I have found that working with anger is one of the missing links in healing.

Psychology tends to be focused on anxiety/FEAR, over-focusing on neurotic assumptions that all issues originate from unconscious fears. It seems more recent developments are exploring how to deal with PANIC/GRIEF (Separation Anxiety, Shame/Pride) circuits, which is assuming that people need more support, comfort, validation, good feelings, social acceptance.

The RAGE circuitry seems to be linked to the instinctive survival reptilian brain areas. While the PANIC is linked to emotional heart mammalian limbic social brain, and FEAR circuits is primarily linked with the thinking conceptual brain (neocortex).

If RAGE is part of reptilian system, then you might have to communicate with it more through habit, ritual, body movements, physical expressions, raw sensations, feelings, etc.

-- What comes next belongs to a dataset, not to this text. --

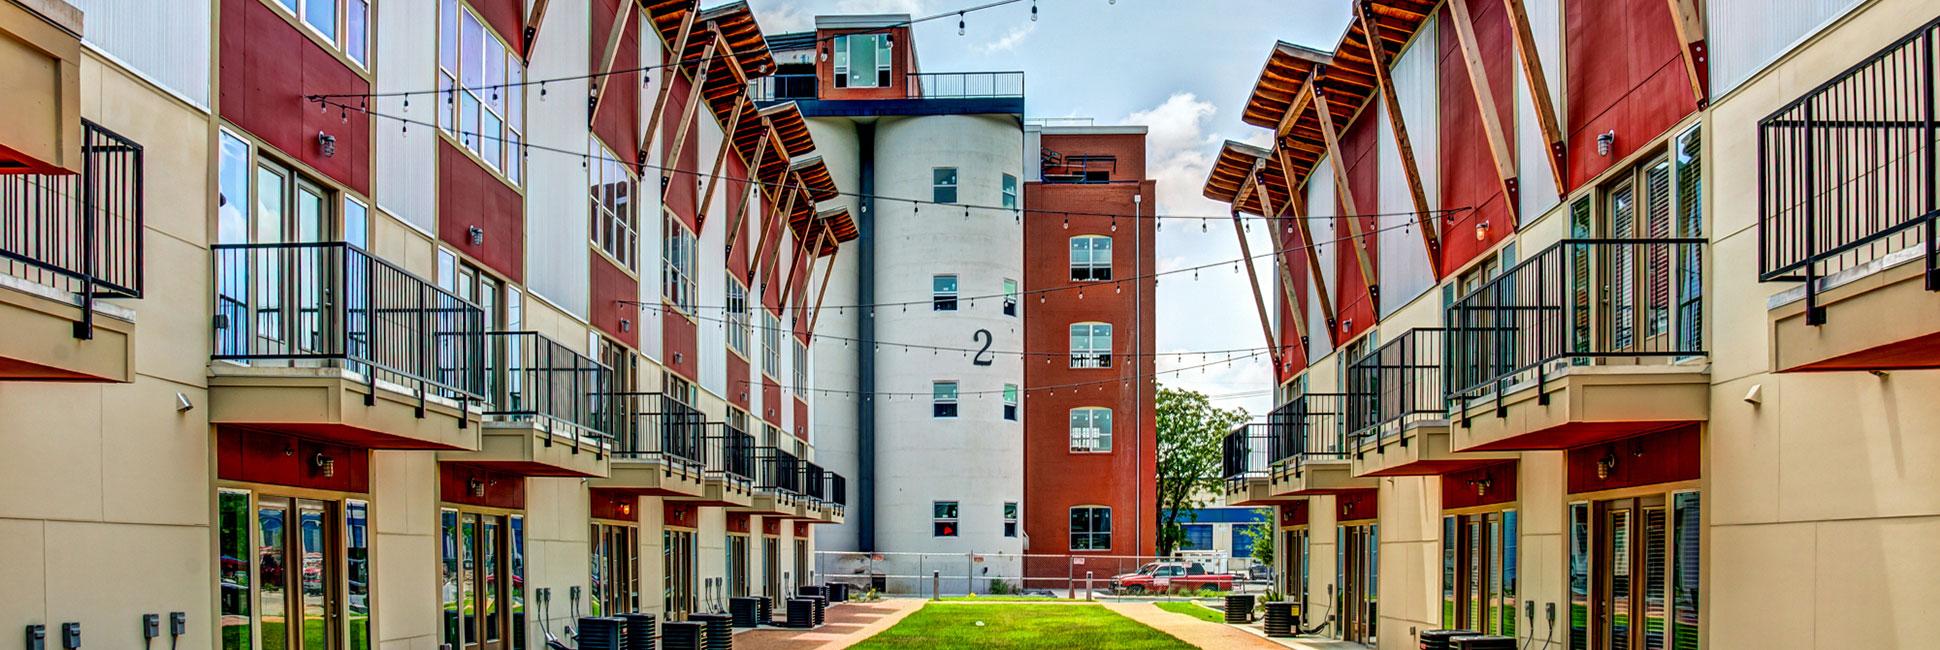 Peanut lofts, San Antonio

Also anger comes up when the reptilian instinctive brain responds (and co-opts higher brains) to actual physical or emotional pain, it blasts an adrenaline surge of energy that's there to help with defending boundaries and personal safety. A deeper and paradoxical method in response to triggered anger, is to focus on tending to the internal wounds and needs that are more towards the root of the pain. I think this is where Stosny is pointing when he refers to CORE Values as the anchor, and naturally Self-Compassion and Deeper Love comes up when attention is focused on our personal vulnerabilities and deeper shared humanity.

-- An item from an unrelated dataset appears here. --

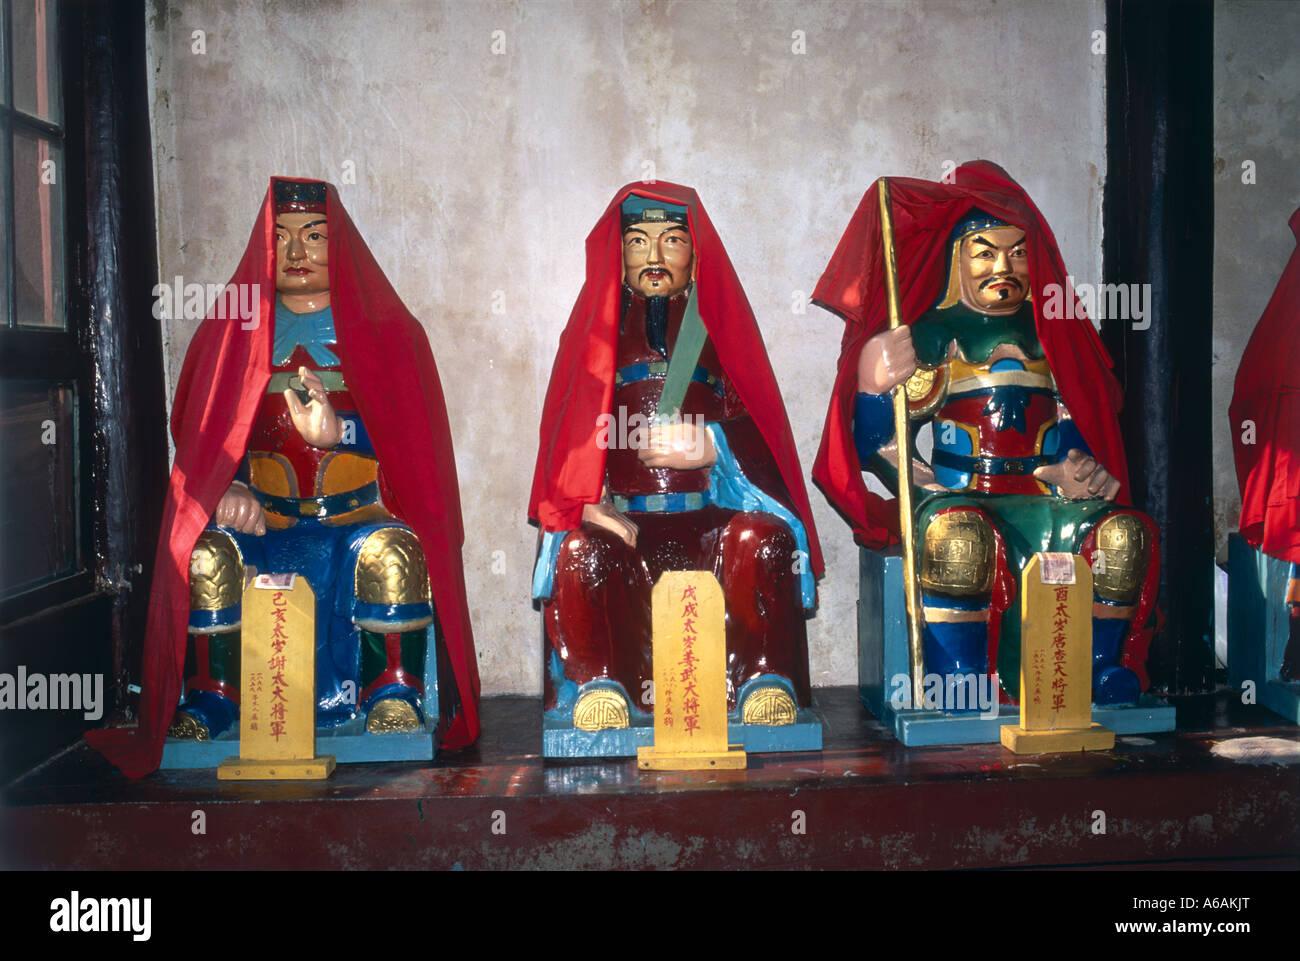 China, Hubei, Wuhan, Changchun Guan, colorful Daoist figurines in temple - Stock Image

Ultimately all 3 core emotions of Anger, Fear and Shame(PANIC) are simply love in distortion. They are all variations of self-focused self-protective love of self. If anger can be redirected with self-focused attention towards courage to face our own wounds with the intention of compassion and wholeness, then it can complete the circuit loop. Anger directed outwards, requires others & the external world to change in order to make you whole, which can easily fall into the endless cycle trap of reinforced victim consciousness.

A quote from Stosny's book "How to Improve Marriage without talking about it" page 113
  • My emotional well-being is important to me.
  • My emotional well-being is more important than everything I resent.
  • My emotional well-being is more important than anyone else's bad behavior.
  • My relationship is more important than everything I resent and worthy of appreciation, time, energy, effort, and sacrifice.
https://books.google.com/books?id=pJH7AcCFWuQC&printsec=frontcover#v=onepage&q&f=false
Ultimately talking about how to work with anger is inherently difficult. It's too easy to get lost in the intellect, it's more of a hands on skill you learn through trial & error practice, lots of repetition and direct experience. And unfortunately that means some level of conscious exposure to feelings of intense anger, hurt, and vulnerability. The natural instinct is to not want to do that. Maybe it requires some peer support, someone to mentor another, hold their hand, and guide them through all the common pitfalls and landmines in this maze of life. Ideally therapists would be able to help here, but often the therapists own issues with co-dependence and narcissism gets in the way it.